Je me rappelle aussi ce petit spectacle intime de Guillaume Arsenault au parc des Compagnons de St-Laurent durant Nuit blanche sur tableau noir. Le son de cette slide guitar me transporte à chaque fois, me faisant voyager dans les bayous Louisianais et sur les vieux balcons décrépis des guitaristes Noirs du milieu du vingtième siècle. Le son d'hier aujourd'hui. J'aime. C'est ce qui m'a donné envie de retourner voir Guillaume Arsenault aux Francos hier. Contrairement au FIJM, j'adore les Francos. Mon amour des musiciens d'ici pourrait à lui seul justifier mon déplacement dans le Quartier des spectacles. Mais le fait que la popularité des Francos est moindre me permet aussi de garder une parcelle de respect pour mes confrères festivaliers. Je pense que je suis agoraphobe...

Mais l'horaire que je m'étais fixé hier soir a complètement été chamboulé par la grâce divine et par la gentillesse d'une camionneuse mélomane. À force de dire que j'étais jaloux qu'elle ait obtenu des billets de faveur pour le show de Malajube hier, mon désespoir a fini par la faire craquer. Armé de son front de beu légendaire, elle a réussi à dénicher un billet supplémentaire pour ma carcasse.
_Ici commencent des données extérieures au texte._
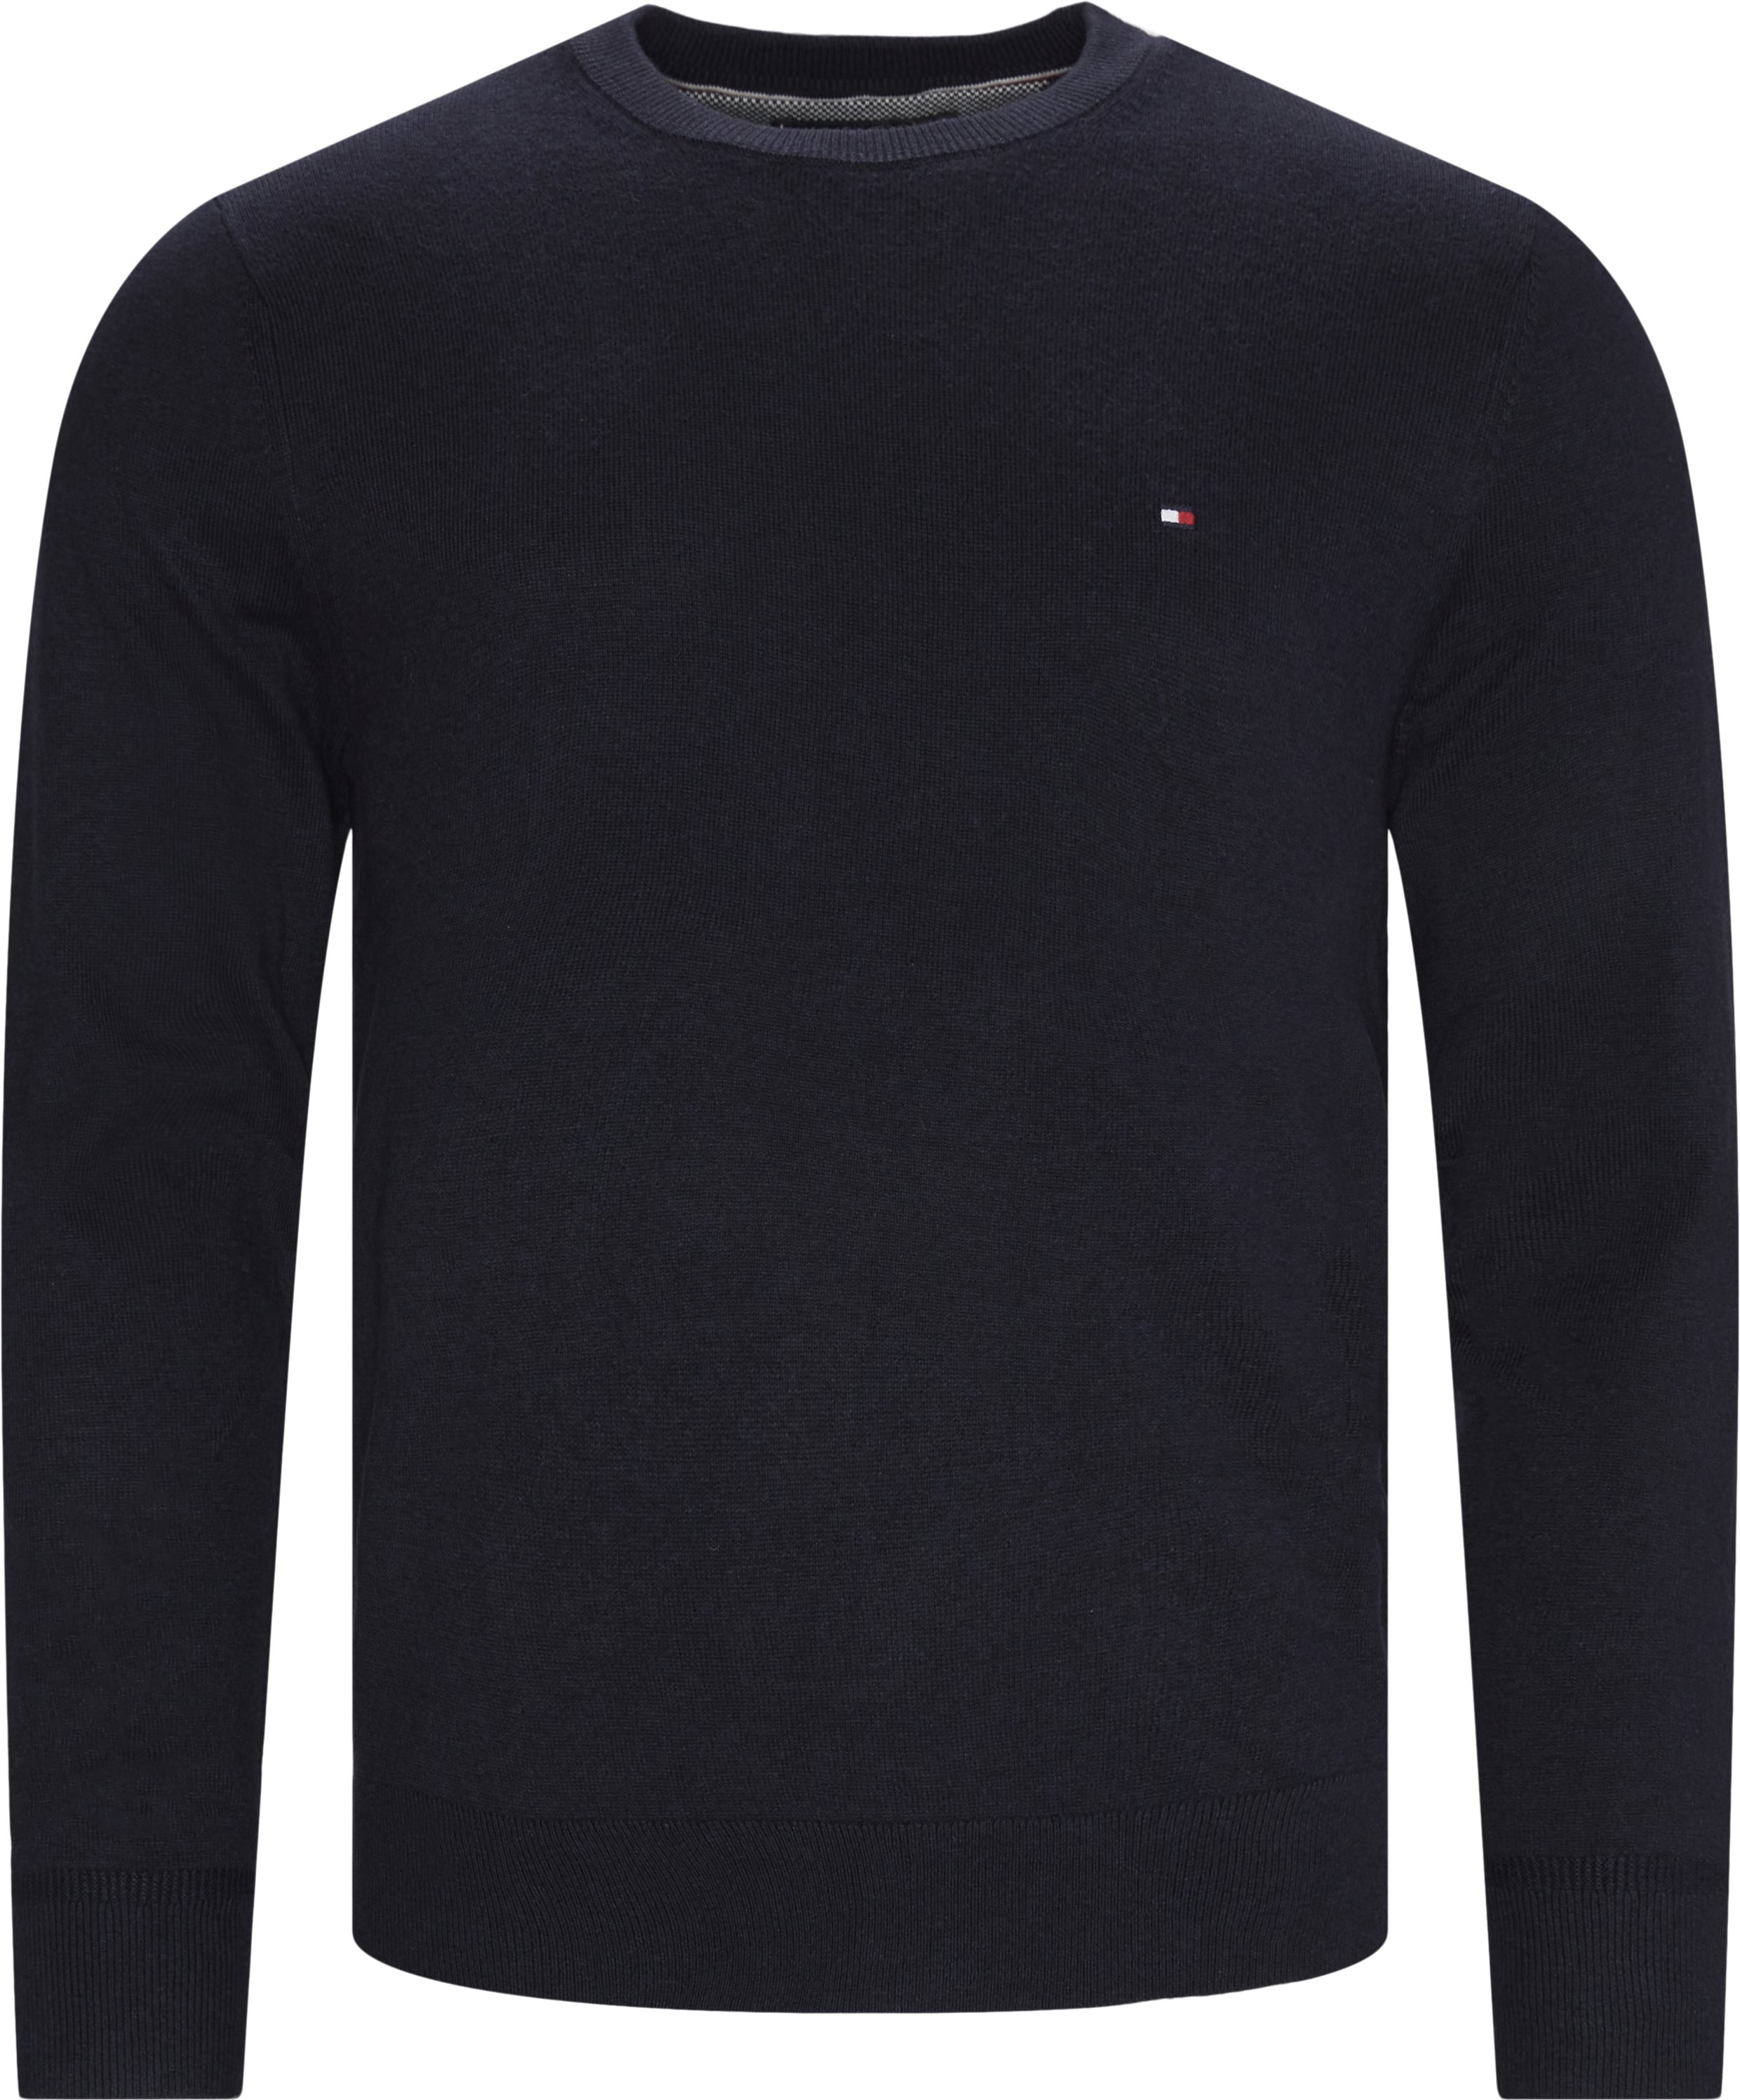 COTTON Tommy 11674 PIMA Hilfiger EUR 60 Knitwear NAVY from CASHMERE

Excellent show de la troupe de Julien Mineau et sa bande dans un Métropolis rempli au trois-quarts. Faut croire que le monde avait envie de profiter de la seule journée d'été qui nous était offert. Julien arborait un petit look fresh du milieu des années quatre-vingt qui lui donnait des airs de François Létourneau, P.A. dans Les Invincibles. Bizarre, j'attendais à tout moment l'apparition de Phantoman ou de Lyne-la-pas-fine. Excellent spectacle donc, à la hauteur de celui que j'avais vu précédemment au quinzième anniversaire de CISM. Mais pourquoi Julien ne dit-il jamais rien? Comment se fait-il que le groupe n'adresse jamais la parole aux fans en délire, se contentant d'enchaîner leurs succès comme un papa dans une maman bien huilée? Je repensais hier à des spectacles de Daniel Bélanger, habile conteur, qui sait tellement comment amener son public là où il veut avec des anecdotes et des histoires toutes plus incroyables les unes que les autres. En 2009, tu te dois d'être plus qu'un musicien pour garder tes fans. Tu dois maintenir ce lien privilégié et fragile qui s'établit lors des spectacles en parsemant ta prestation de clins d'oeil, en communiant par la parole avec tes disciples qui en prennent et qui s'abreuvent jusqu'à plus soif. Tu te dois d'être autant un artiste qu'un entertainer. Ça explique souvent la longévité et c'est ce qui fait que certains se démarquent plus que d'autres dans ce gigantesque fouillis de possibilités musicales.